O Governo Provisório da República dos Estados Unidos do Brasil constituído pelo Exército e Armada, em nome da Nação, decreta:

Art. 1º – É conservada como Hino Nacional a composição musical do maestro Francisco Manuel da Silva.

Art. 2º – É adotada sob o título de Hino da Proclamação da República a composição do maestro Leopoldo Miguez, baseada na poesia do cidadão José Joaquim de Campos da Costa de Medeiros Albuquerque.

O Hino Nacional do Brasil

 

Parte I

Ouviram do Ipiranga as margens plácidas
De um povo heróico o brado retumbante,
E o sol da liberdade, em raios fúlgidos,
Brilhou no céu da pátria nesse instante.
Se o penhor dessa igualdade
Conseguimos conquistar com braço forte,
Em teu seio, ó liberdade,
Desafia o nosso peito a própria morte!
Ó Pátria amada,
Idolatrada,
Salve!
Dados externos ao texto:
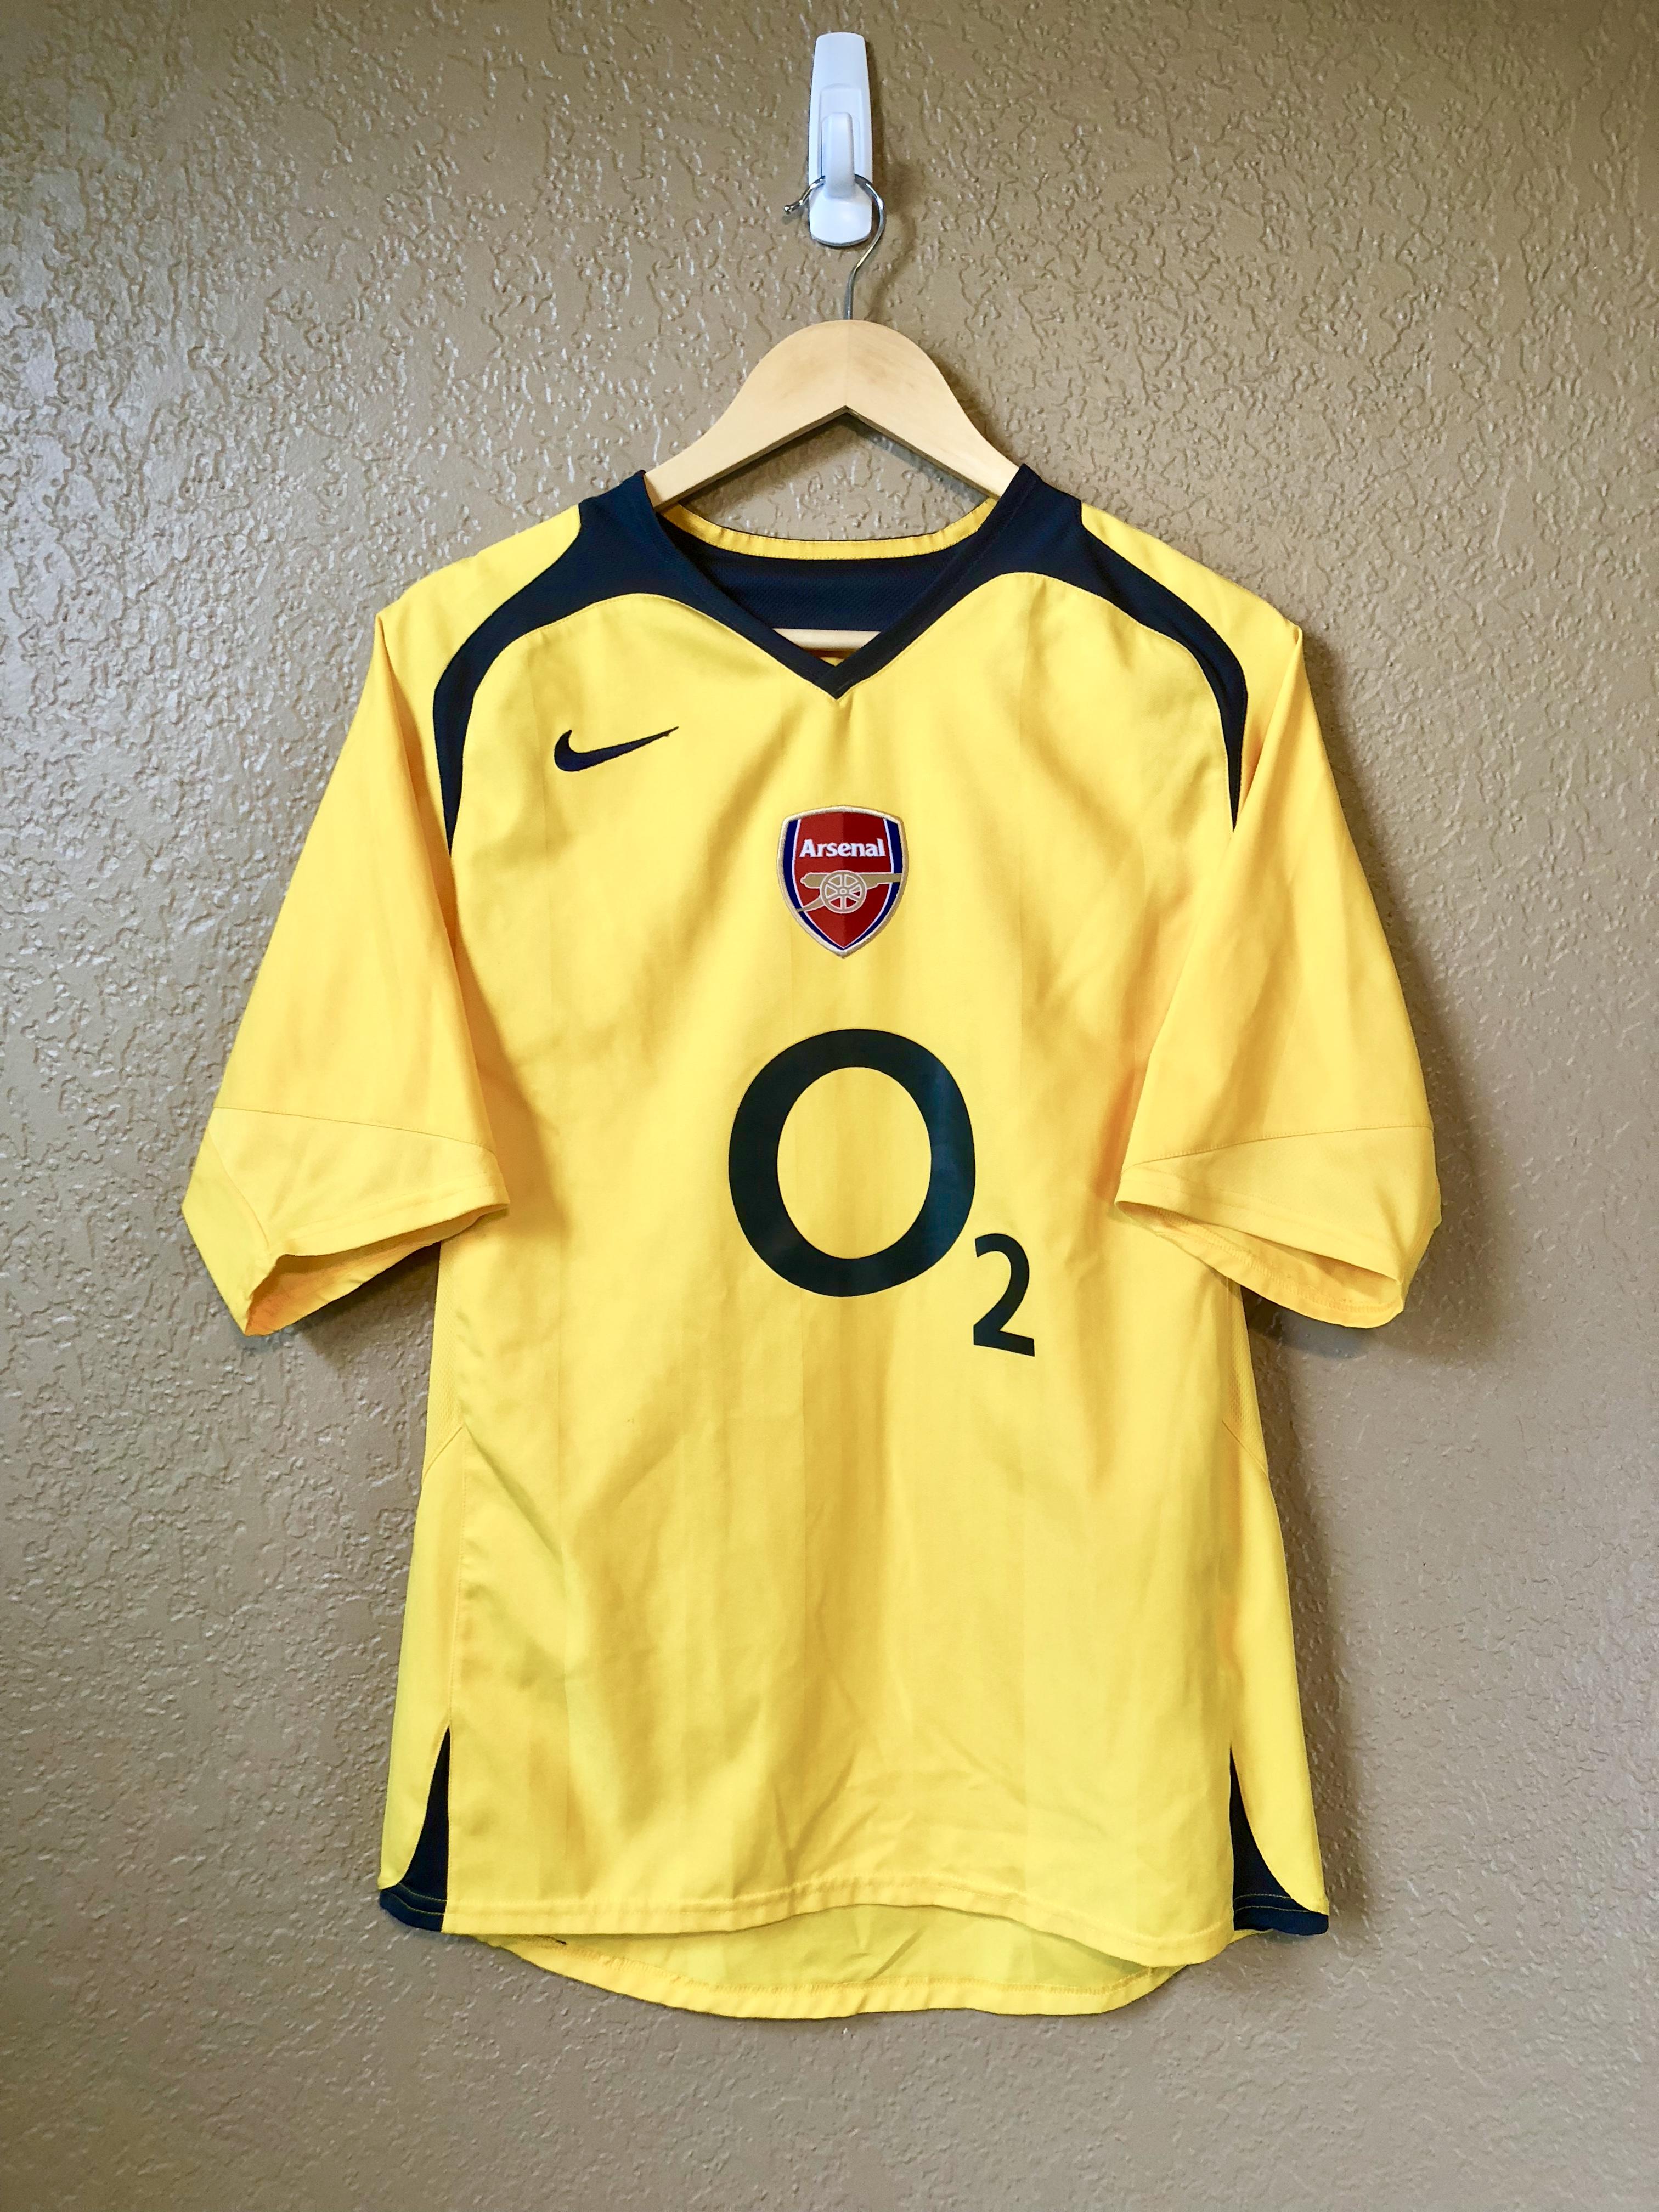 super popular 22349 92e97 2005 - 2006 London Arsenal FC Yellow Away Jersey Kit

Salve!
Brasil, um sonho intenso, um raio vívido
De amor e de esperança à terra desce,
Se em teu formoso céu, risonho e límpido,
A imagem do Cruzeiro resplandece.
Gigante pela própria natureza,
És belo, és forte, impávido colosso,
E o teu futuro espelha essa grandeza.
Terra adorada,
Entre outras mil,
És tu, Brasil,
Ó Pátria amada!
Dos filhos deste solo és mãe gentil,
Pátria amada,
Brasil!

Parte II

Deitado eternamente em berço esplêndido,
Ao som do mar e à luz do céu profundo,
Fulguras, ó Brasil, florão da América,
Iluminado ao sol do Novo Mundo!
Do que a terra, mais garrida,
Teus risonhos, lindos campos têm mais flores;
“Nossos bosques têm mais vida”,
“Nossa vida” no teu seio “mais amores.”
Ó Pátria amada,
Idolatrada,
Salve! Salve!
Brasil, de amor eterno seja símbolo
O lábaro que ostentas estrelado,
E diga o verde-louro dessa flâmula
– “Paz no futuro e glória no passado.”
Mas, se ergues da justiça a clava forte,
Verás que um filho teu não foge à luta,
Nem teme, quem te adora, a própria morte.
Terra adorada,
Entre outras mil,
És tu, Brasil,
Ó Pátria amada!
Dos filhos deste solo és mãe gentil,
Pátria amada,
Brasil!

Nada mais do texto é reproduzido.